Conkievich tells me that at present, the official meaning of the day is sometimes communicated. Some governments organise events to recognise the achievements of successful women—the annual Zulfiya Award in Uzbekistan, for example, named after a female poet and given to gifted girls and women under 25 —but the theme of women’s rights is not emphasized and is not associated with the day in the minds of most people.
It’s not surprising: activists can face almost impossible barriers in raising awareness of the subject there. Discrimination is widespread, women are poorly represented in government, and sexual and domestic violence is rife. A UN survey found that almost half of women in Kyrgyzstan said that their partner had used physical force against them. Many of the women asked—more than two-thirds in Tajikistan and Uzbekistan, and just under 40 per cent in Kyrgyzstan and Turkmenistan—said that a man could be justified in beating his wife. Thousands of women are thought to be trafficked from the region each year; and patriarchal traditions such as “bride kidnapping”—where a man abducts the woman he wishes to marry—are said to have been on the rise again in some rural areas.

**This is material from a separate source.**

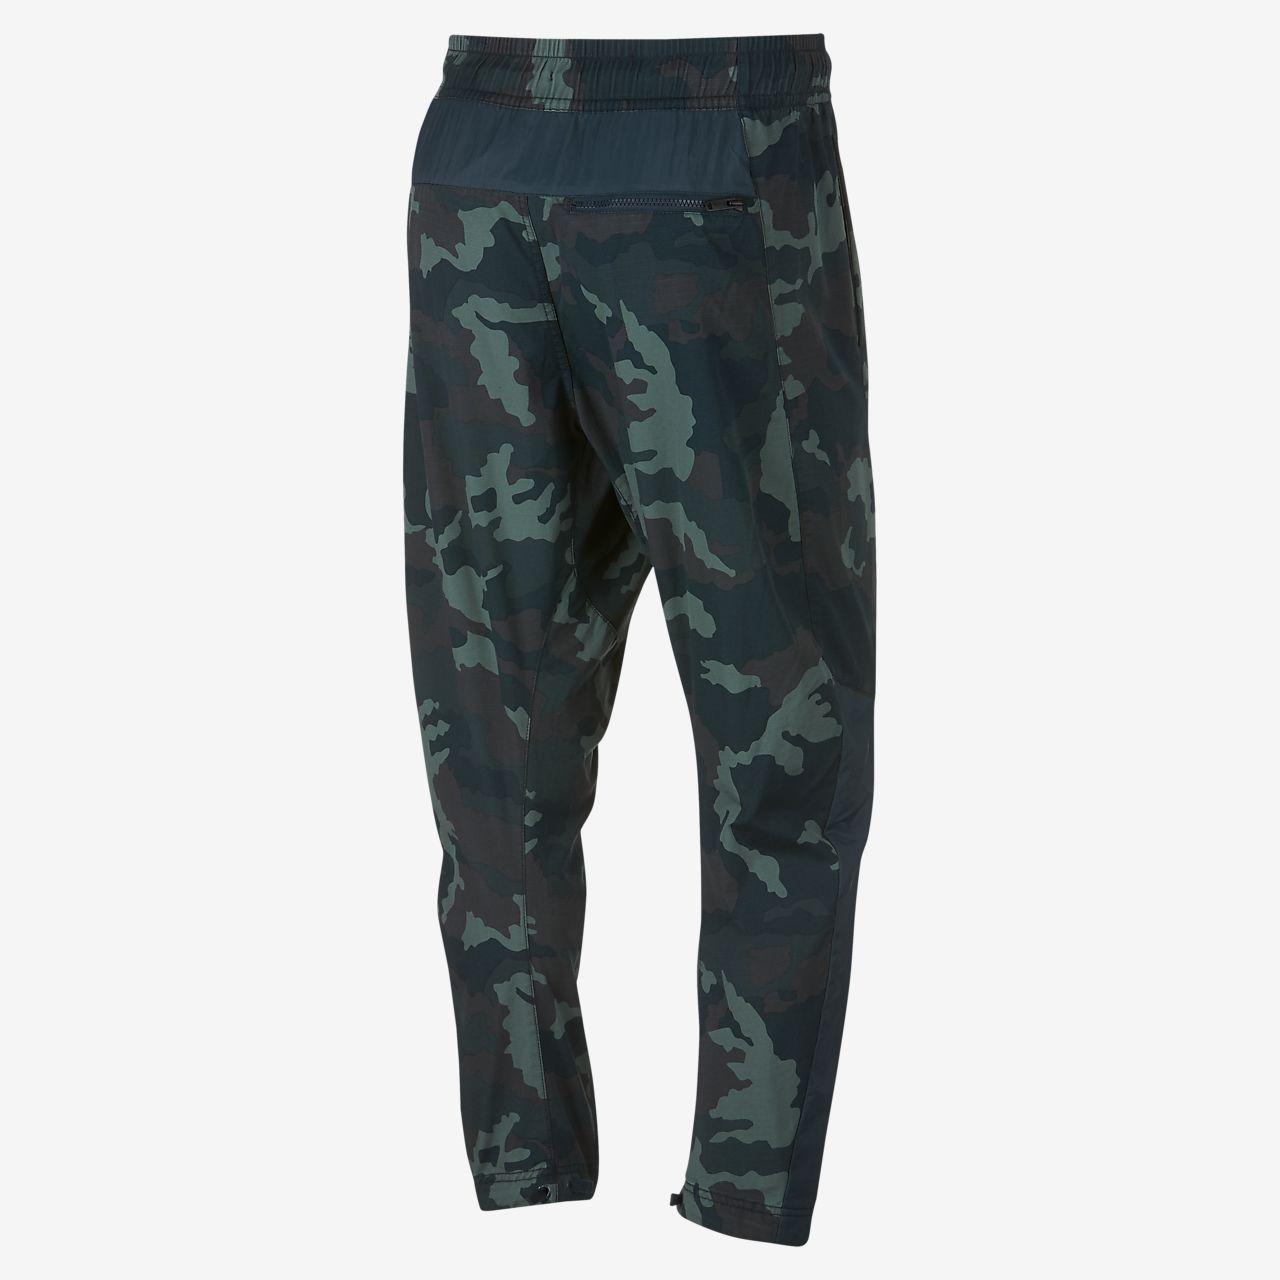 Sportswear De Camouflage Homme Jogging Pantalon Tissé Nsw Nike Pour FwZWq6
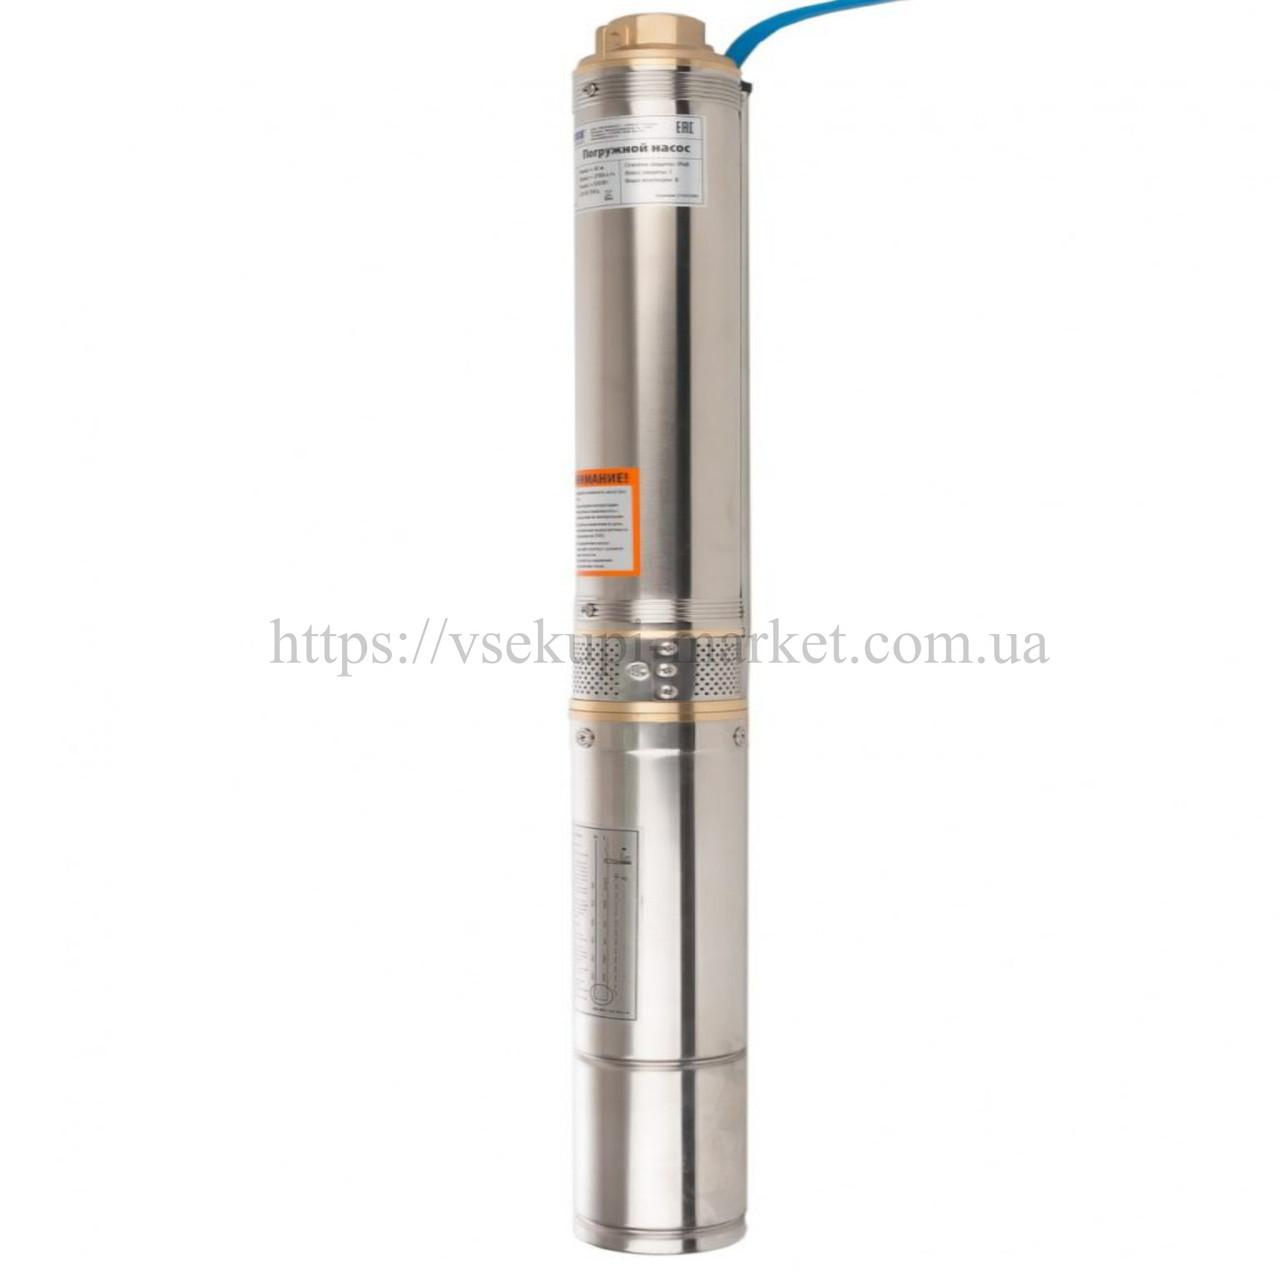 Скважинный насос Насосы+ 100 SWS 4-40-0.55 с муфтой

Some groups have commented on a re-emergence of conservatism with regards to gender norms in recent years. The UN Population Fund notes that: “The socialisation of strict masculine and feminine gender identities contributes to the reinforcement of men’s entitlement to engage in aggressive behaviour and act as the power holder and predominant decision-maker.” As they try to campaign on these issues, women’s rights activists in the region can find themselves subjected to harassment from the authorities and to threats and even violence from conservative groups.
This is the context in which International Women’s Day is hijacked to celebrate not women’s equality but a prescribed feminine ideal. It may be observed on Tuesday more enthusiastically in Central Asia than anywhere else in the world— but the opportunity to promote women’s rights has been turned on its head.